THE Union Budget has only added to the woes of the capital goods industry, which is yet to recover from the economic slowdown, mainly due to excise changes and a continuation of the inverted duty structure.

The reduction in peak customs duty from 35 to 30 per cent will not have much impact on the industry as most of the items, barring a few, fall under the 25 per cent bracket. The import duty on piston engines will now be brought down to 30 per cent from a peak rate of 35 per cent.

However, this will not have a major impact on engine manufacturers as imported engines are not a real threat to established players in the industry.

But diesel engine manufacturers such as Kirloskar Oil Engines (KOEL) and Cummins India will now pay a higher excise duty on their engines up to 10 HP. This would have a greater impact on KOEL, which has a significant market share in this segment.

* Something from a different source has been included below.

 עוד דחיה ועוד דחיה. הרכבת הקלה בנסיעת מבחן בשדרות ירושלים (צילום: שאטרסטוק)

Though excise duty was rationalised to 16 per cent for most items in the previous Budget, engines below 10 HP continued to be attract duty at eight per cent. But they have now been rationalised to 16 per cent.

Not much has been done to rectify the inverted duty structure that the industry has had to endure for the past few years. This means that it will be cheaper to import complete machinery rather than manufacture it domestically. This will continue to haunt most capital goods manufacturers.

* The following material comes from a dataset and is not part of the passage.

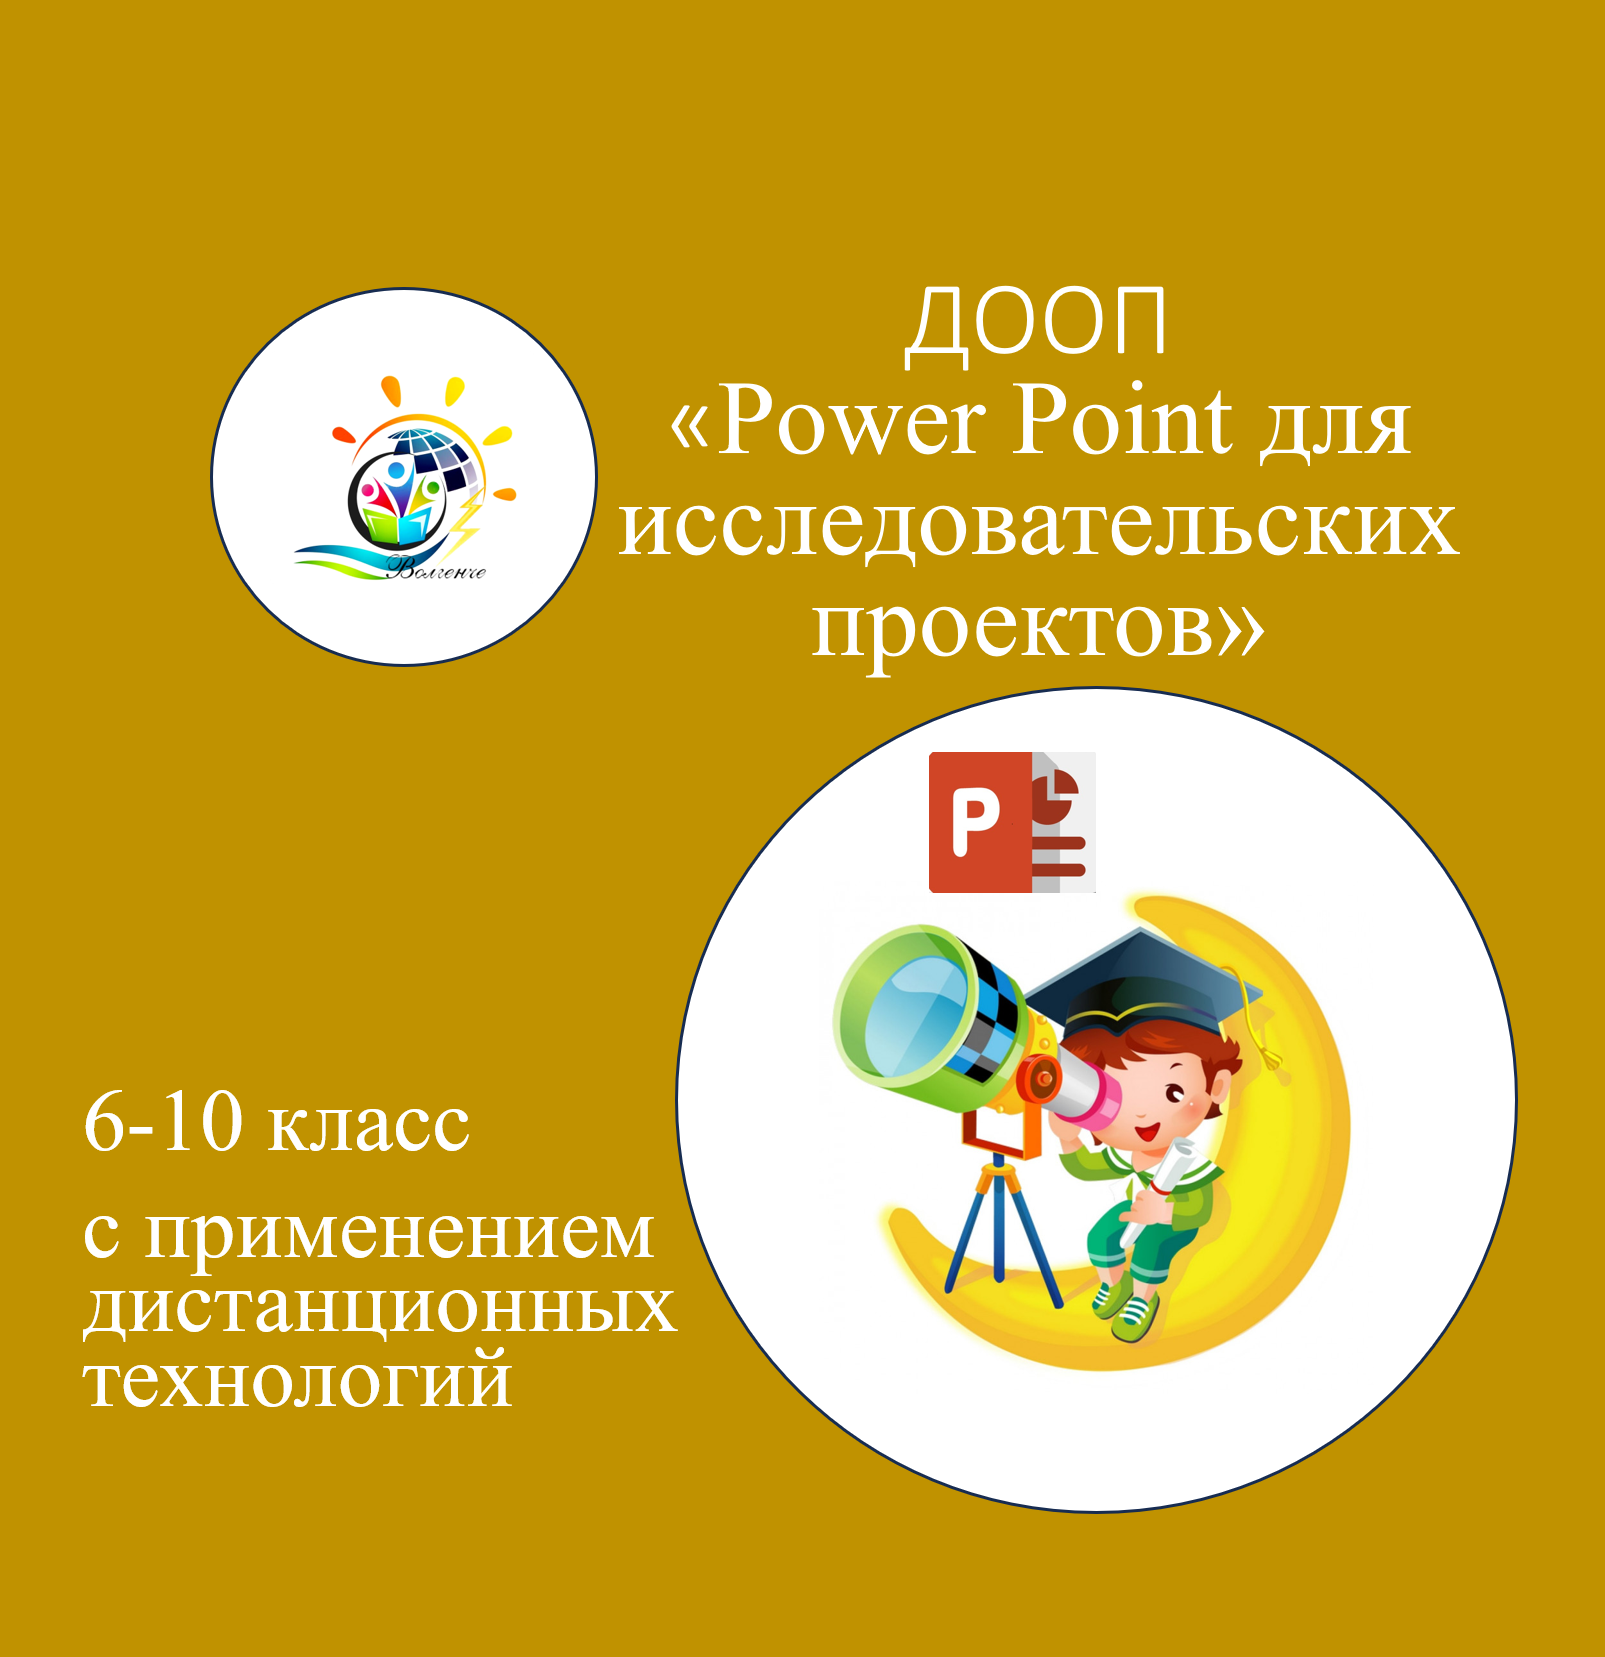 ДООП "Powerpoint для исследовательских проектов"

Textile machinery manufacturers such as Lakshmi Machine Works and Textool have some reason to cheer. The industry has been going through a tough phase and many units have already become sick.

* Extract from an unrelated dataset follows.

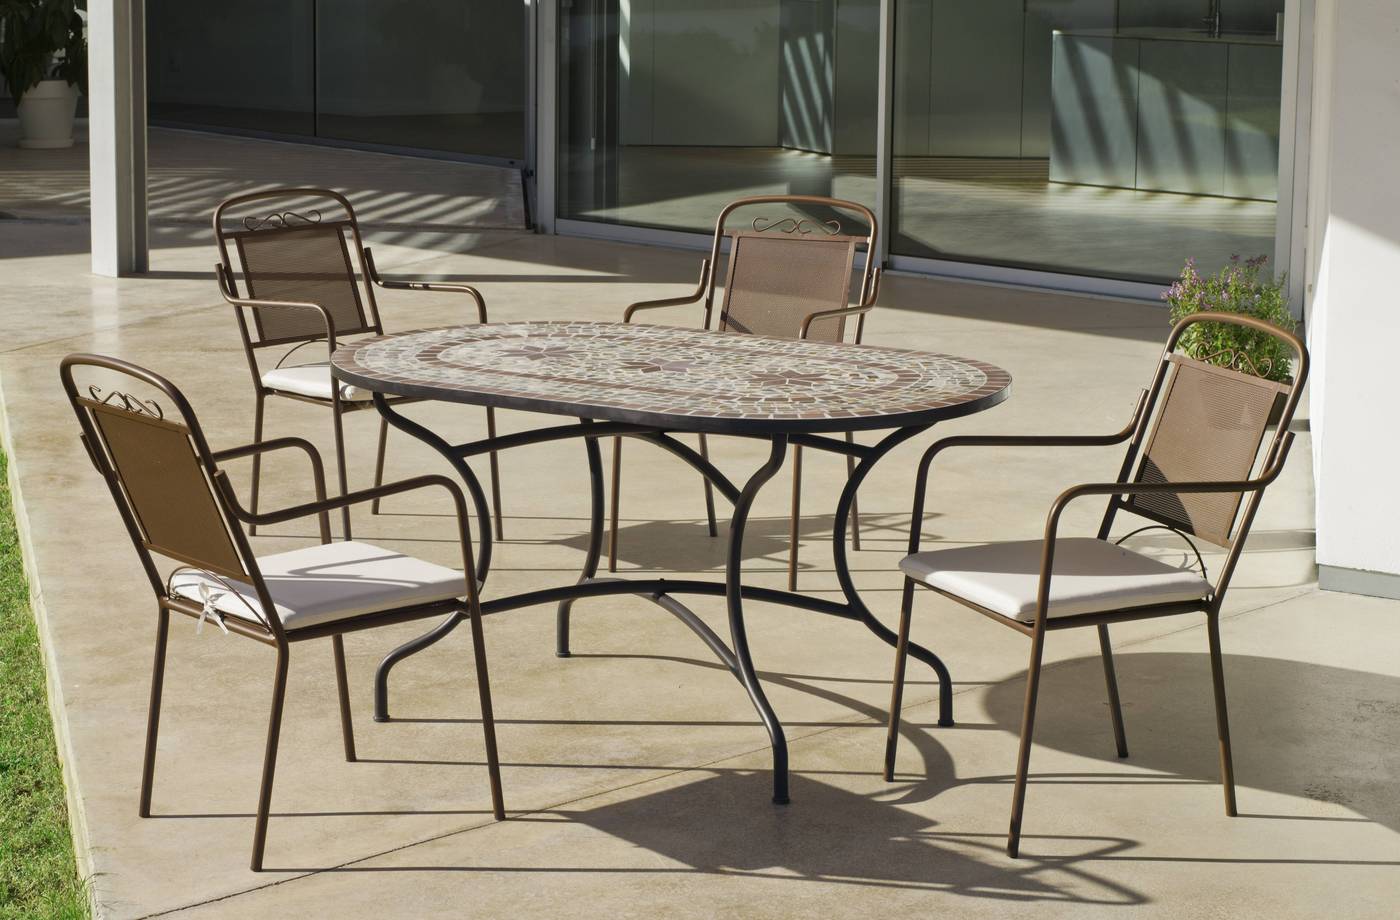 Conjunto para terraza o jardín: 1 mesa de forja con tablero mosaico + 4 sillones de forja + 4 cojines. Mesa válida para 6 sillones.

Last year the customs duty on specified machinery was reduced from 15 per cent to five per cent, thus widening the gap between the duty on finished machines and components and raw materials used for manufacturing these machinery.

This year, this anomaly has been rectified to some extent. The Budget has reduced customs duty on specified input items of reeling, twisting, and processing machinery for silk textile industry and also waived Cenvat on these items.

The Cenvat exemption extended to processing machinery, automatic shuttle looms and specified jute machinery would provide some solace to the ailing industry.

The issue of concessional rate of customs duty on project imports has not been addressed in this Budget too. This would continue to haunt road machinery manufacturers such as Ingersoll Rand (India).